• Recorded data
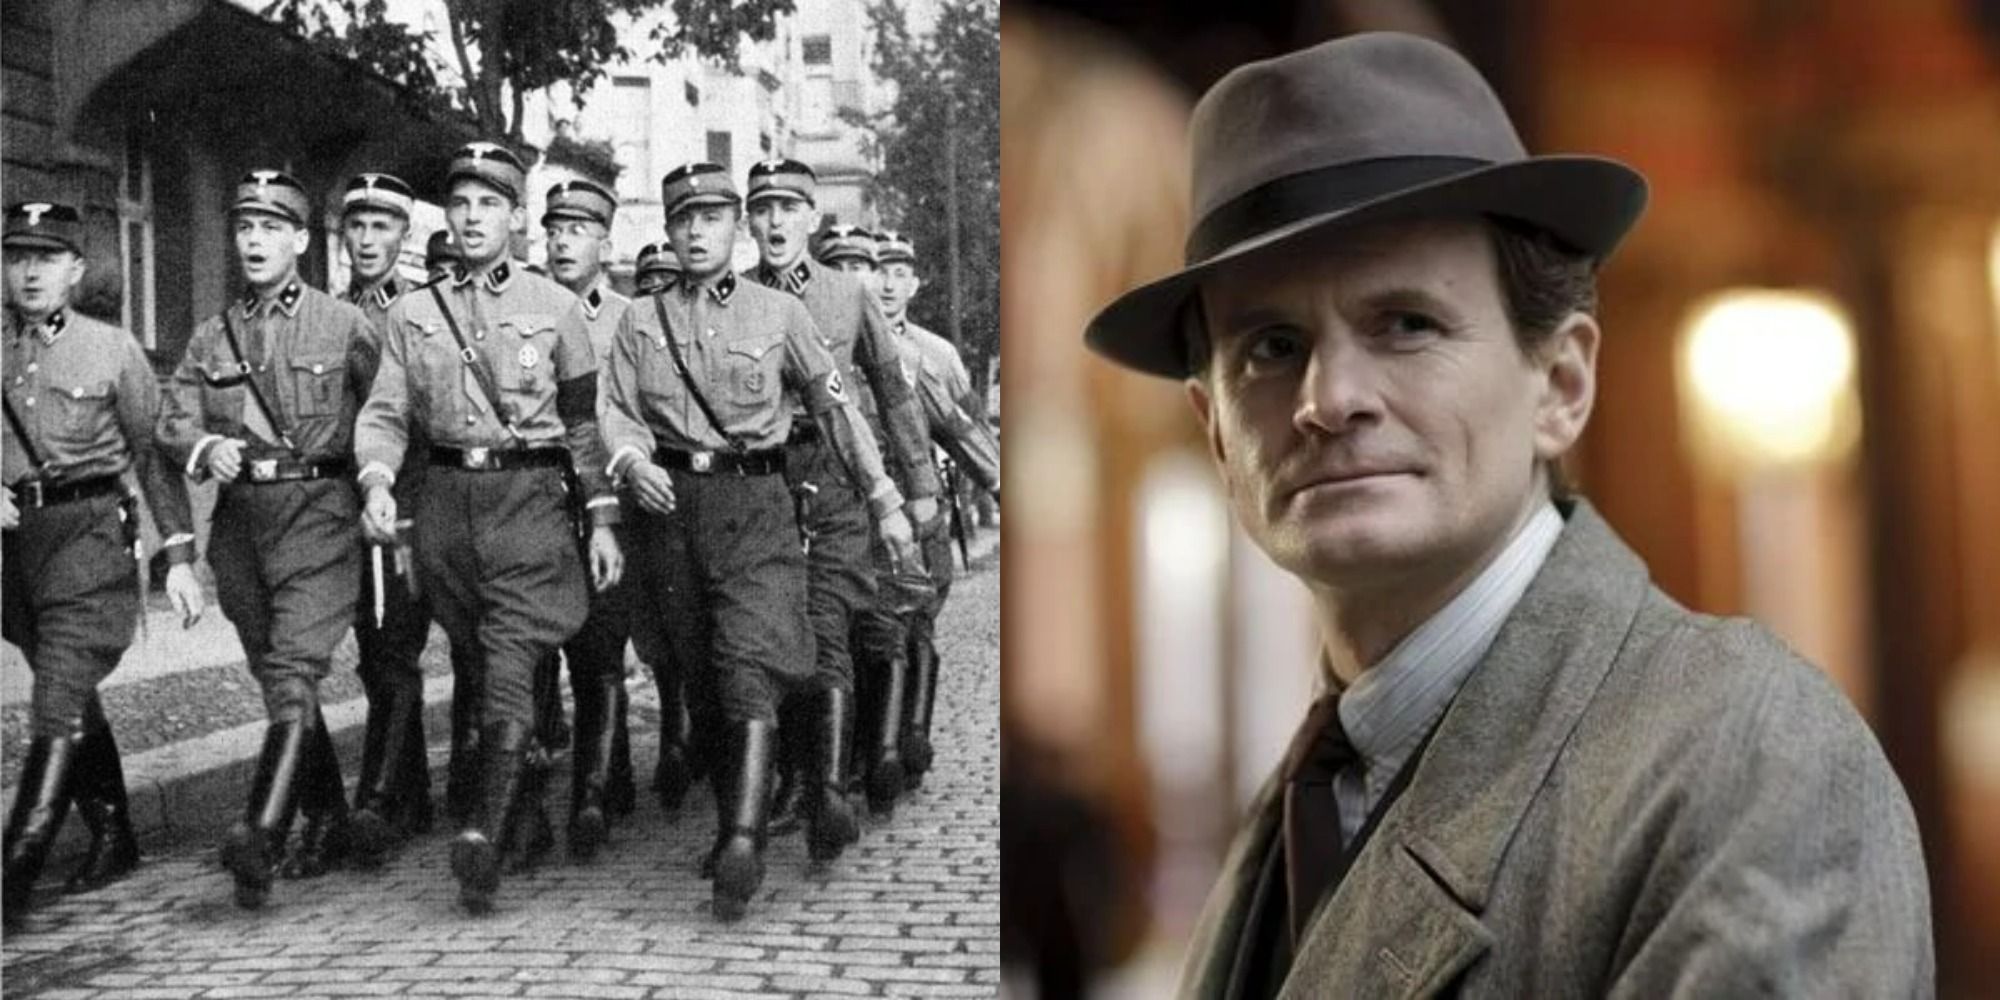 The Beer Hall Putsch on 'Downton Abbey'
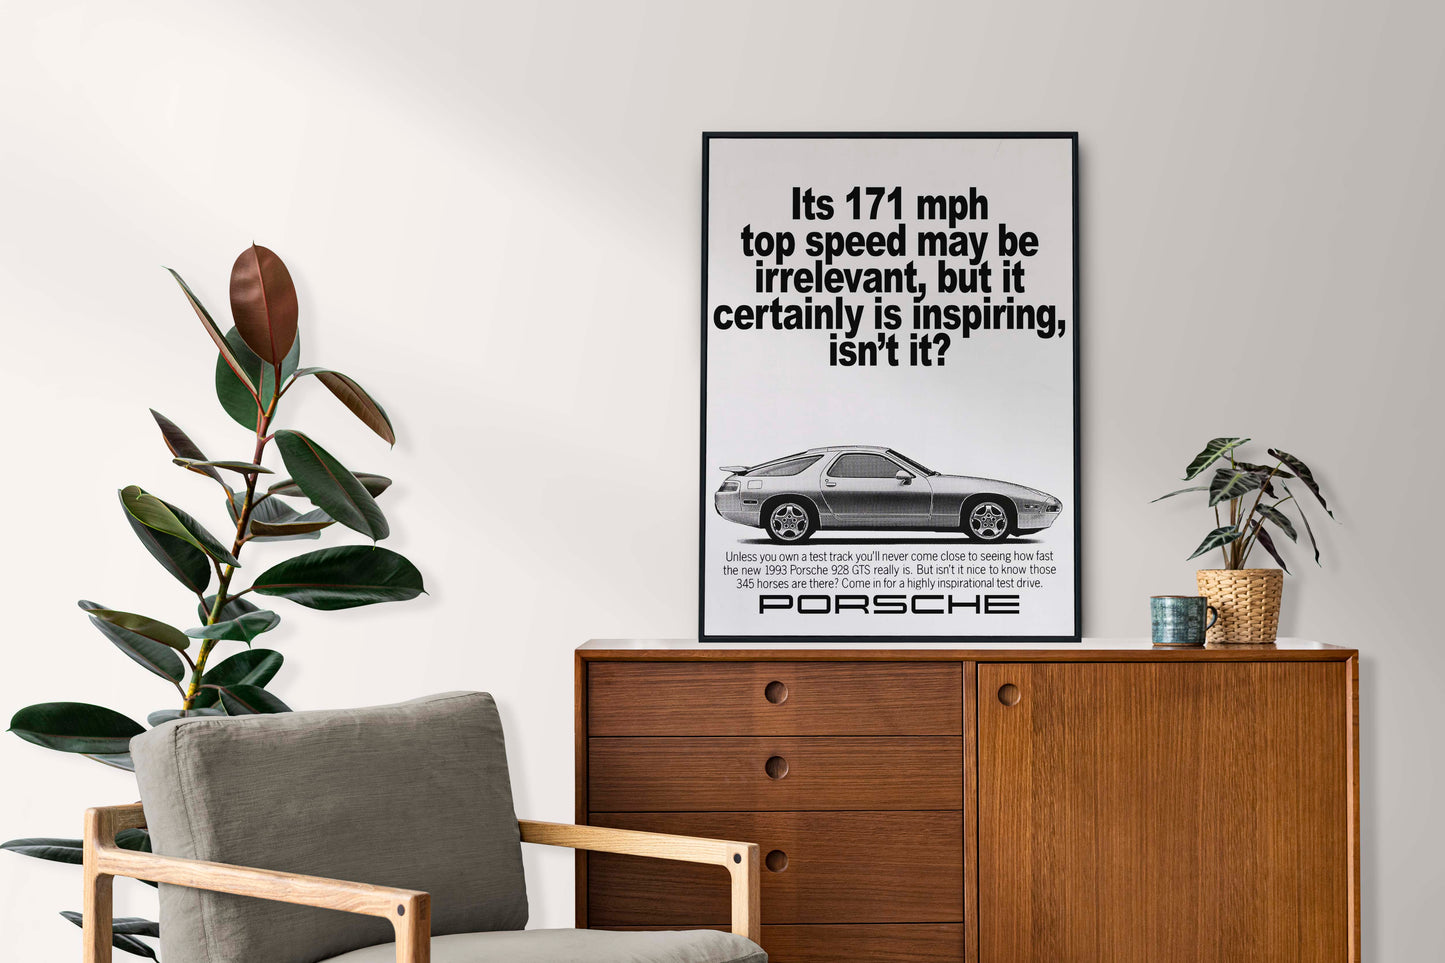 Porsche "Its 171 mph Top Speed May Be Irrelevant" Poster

* * *

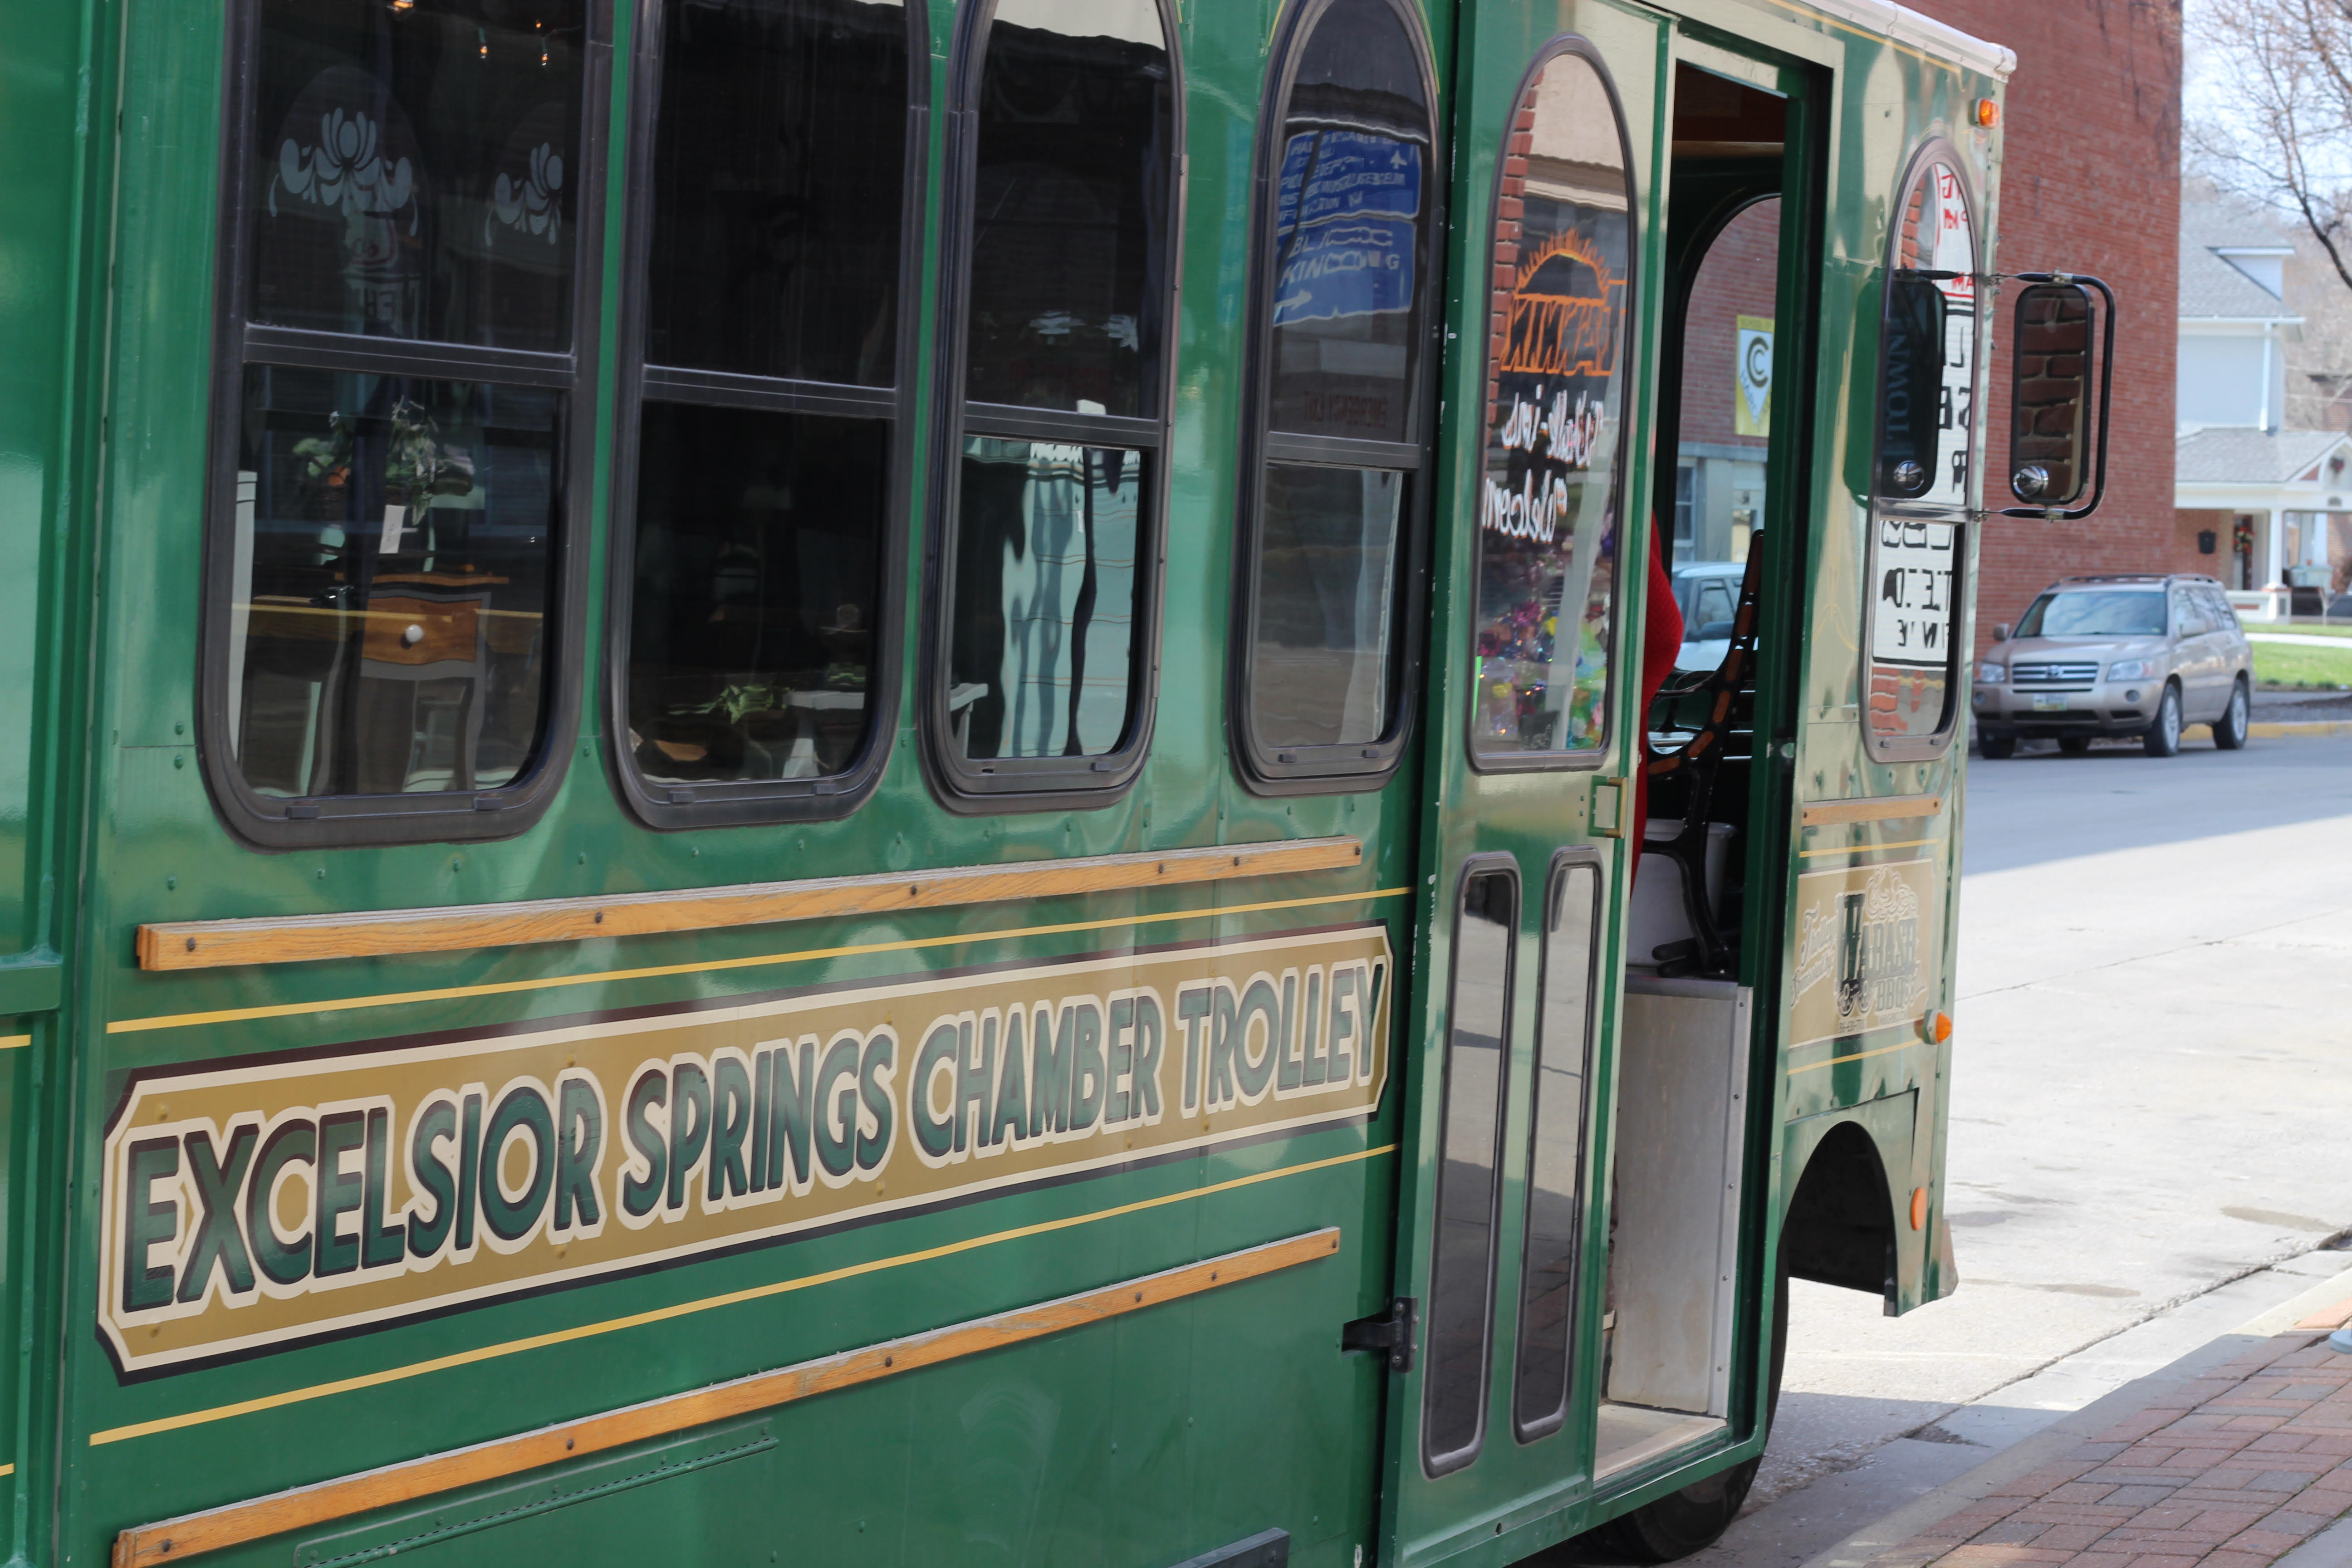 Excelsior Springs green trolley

• Assigned task
With the pictures omitted, print the lines above exactly, beginning at the line with "The Beer Hall Putsch on 'Downton Abbey'" and going on through the line with "171 mph Top".

• Response to the task
 The Beer Hall Putsch on 'Downton Abbey'
 Porsche "Its 171 mph Top Speed May Be Irrelevant" Poster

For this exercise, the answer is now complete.